The fix was to correct the code to check for the 0:0 case and handle it, so the code will now handle Cassandra clusters partitioned either way (first node as 0 or other).
So in short not a Cassandra issue. Configuration issue on my part.
这里不按门铃。我的猜测是你遇到了诚实的回归。
您可以尝试将磁盘访问模式切换为标准。您也可以尝试禁用 JNA。 (这些应该分别绕过 1713 和 1470,这是最有可能的罪魁祸首。但是,这里的“最有可能”只是一个程度问题,我给出的可能性可能是 20%。)
如果你能将缓慢归结为某种东西使用 contrib/stress 可见,然后我们可以从那里向后查找原因。但是,如果您只能使用自己的设置进行重现,则必须一分为二(对提交进行二进制搜索、部署构建并随时检查性能)以找出导致此回归的原因。
为了将来的参考,Cassandra 用户列表是一个比 StackOverflow 更好的论坛,可以进行“我认为我发现了一个错误”的讨论。那里还有很多专业知识。
Doesn't ring a bell here. My guess is you hit an honest-to-goodness regression.

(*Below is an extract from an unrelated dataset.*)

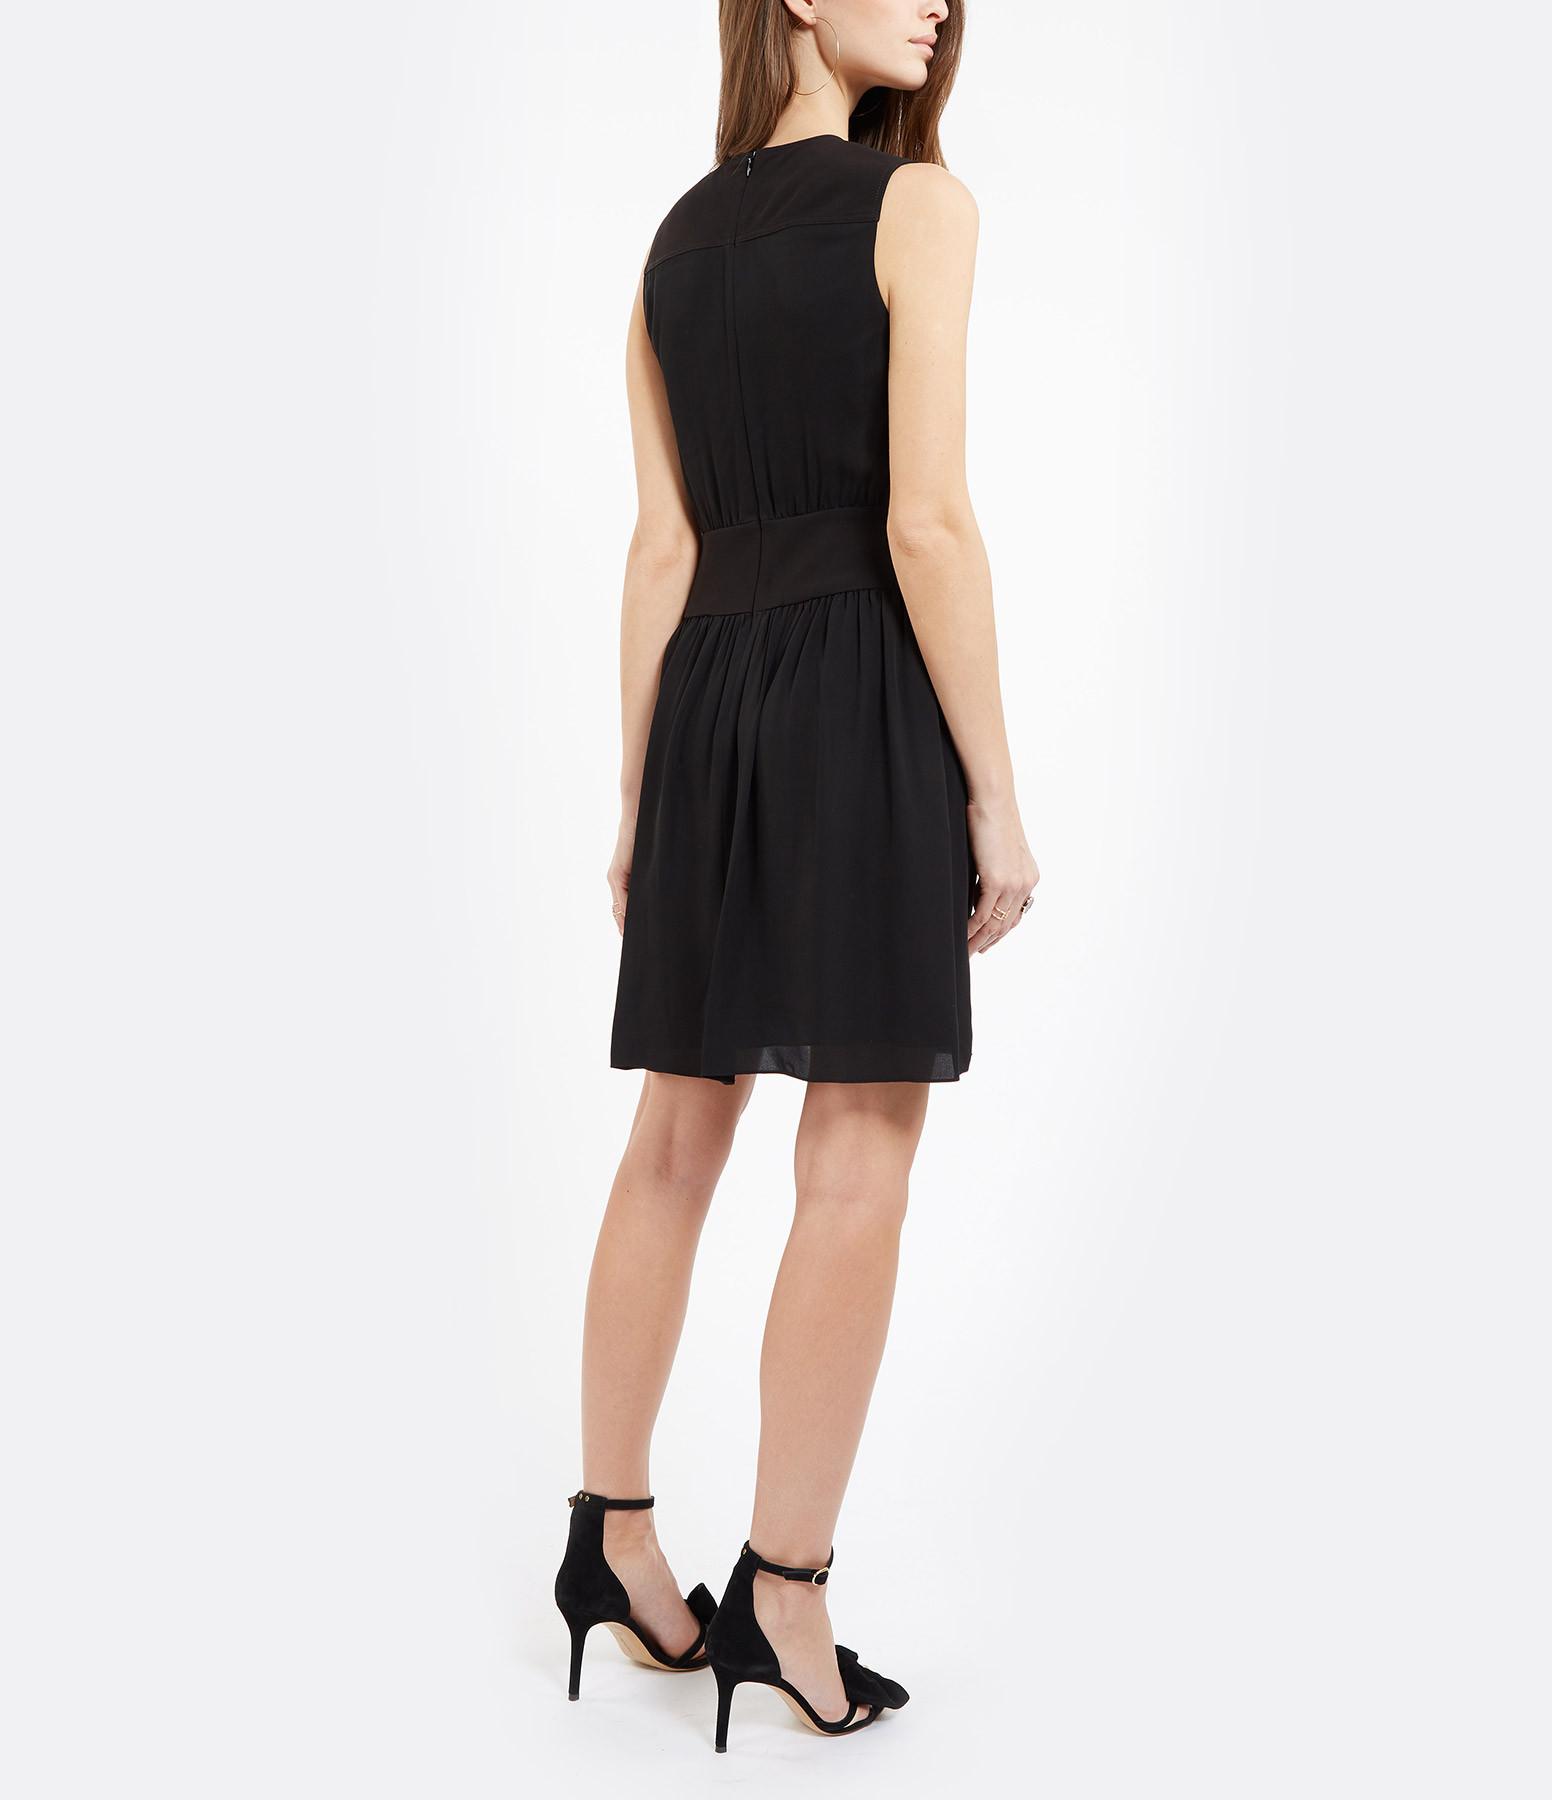 THEORY - Robe Classique Soie Noir

You could try switching disk access mode to standard. You could also try disabling JNA. (These should bypass 1713 and 1470, respectively, which are the most likely culprits. But, "most likely" here is only a matter of degree, I'd give maybe 20% odds.)
If you can boil down the slowness into something visible using contrib/stress, then we can work backwards from that to find the cause. But if you can only reproduce with your own setup, you'll have to bisect (binary-search through the commits, deploying builds and checking performance as you go) to figure out what caused this regression.
For future reference, the Cassandra user list is a better forum than StackOverflow for "I think I found a bug" discussions. There's a lot more expertise there.